If you dispose of property for considerably less than it is worth, the taxman will regard the difference between fair market value and the amount you sold it for as an amount that will incur donations tax. So, if an asset with a fair market value of R500 000 is sold by you to Mrs X for R100 000, you will be regarded as having made a donation of R400 000 and will be taxed accordingly.
10. Giving is good for you
You do not have to be an Oprah Winfrey addict to know that donating to a good cause makes you feel good.
This intuitive knowledge is now backed up by research from economics professor William Harbaugh of the University of Oregon in the United States and his colleagues Ulrich Mayr and Dan Burghart.
The researchers found that giving to good causes activates regions of the brain associated with pleasure. The brain’s neural responses to donating are very similar to those elicited by activities such as eating good food and seeing pictures of loved ones.
In their article “Neural responses to taxation and voluntary giving reveal motives for charitable donations”, published in Science in 2007, they say: “Even mandatory, tax-like transfers to a charity elicit neural activity in areas linked to reward processing. … [But] neural activity further increases when people make transfers voluntarily.”
In other words, donations that you are compelled to make leave you feeling good; ones that you make of your own free will feel even better.
But Dr Helgo Schomer, the director of the Behavioural Health Consultancy and a senior academic in the department of psychology at the University of Cape Town, adds another dimension: “We are social beings; we are not insular.

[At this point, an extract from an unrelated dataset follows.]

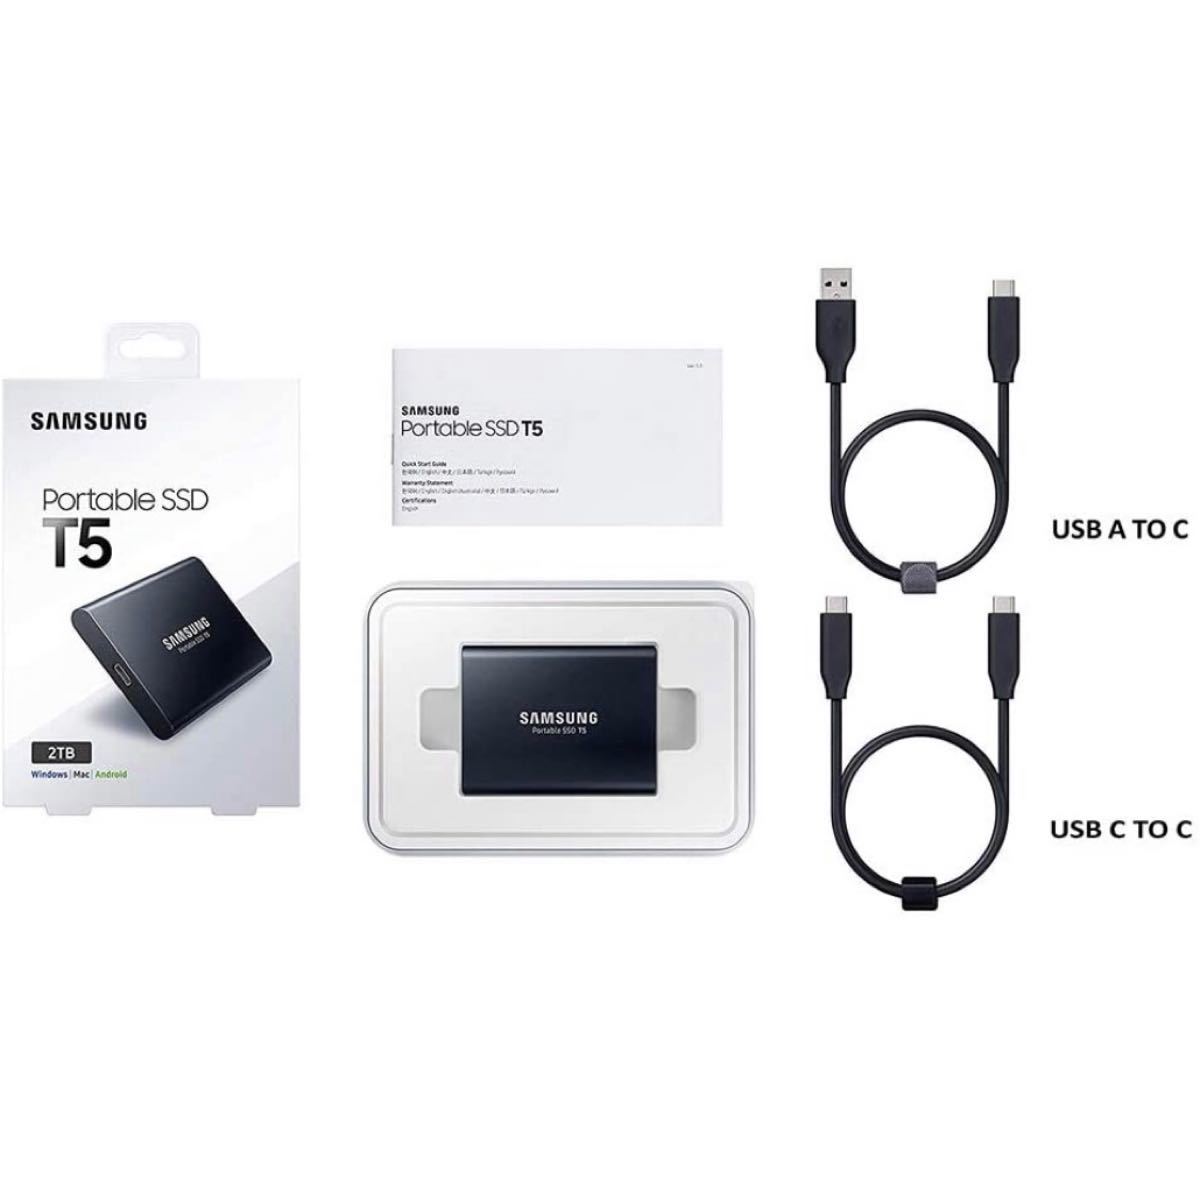 【新品・正規品】サムスン SSD 500GB T5 MU-PA500B/IT  SAMSUNG  ポータブルSSD

It is fantastic to give from the point of view that we are contributing to the social fabric.
“Giving does the soul good. It is a way in which we realise how fortunate we are to be part of a community, and to be one of the earners – one of the lucky ones. It is a way of saying thank you for being so fortunate.”
He goes on to say that as a psychologist he spends time in therapy with his clients concentrating on what is present, instead of what is lacking. “Giving is a clear orientation towards what is, instead of what isn’t, and that builds character.”
Schomer says some of the wealthiest people in the world are dealing with stress and isolation and unhappiness.
“By giving, I can demonstrate some of my success. And what nicer feeling in life than feeling successful?” he says.
As with all tax laws, there are ifs and buts. This brief article cannot cover those extensively. Before donating, it would be prudent to check the credentials of the organisation you wish to contribute to and discuss your circumstances with your tax consultant or financial adviser if large amounts of money are involved.
But even if there is no tax benefit to be gained at all, the act of giving always enriches you.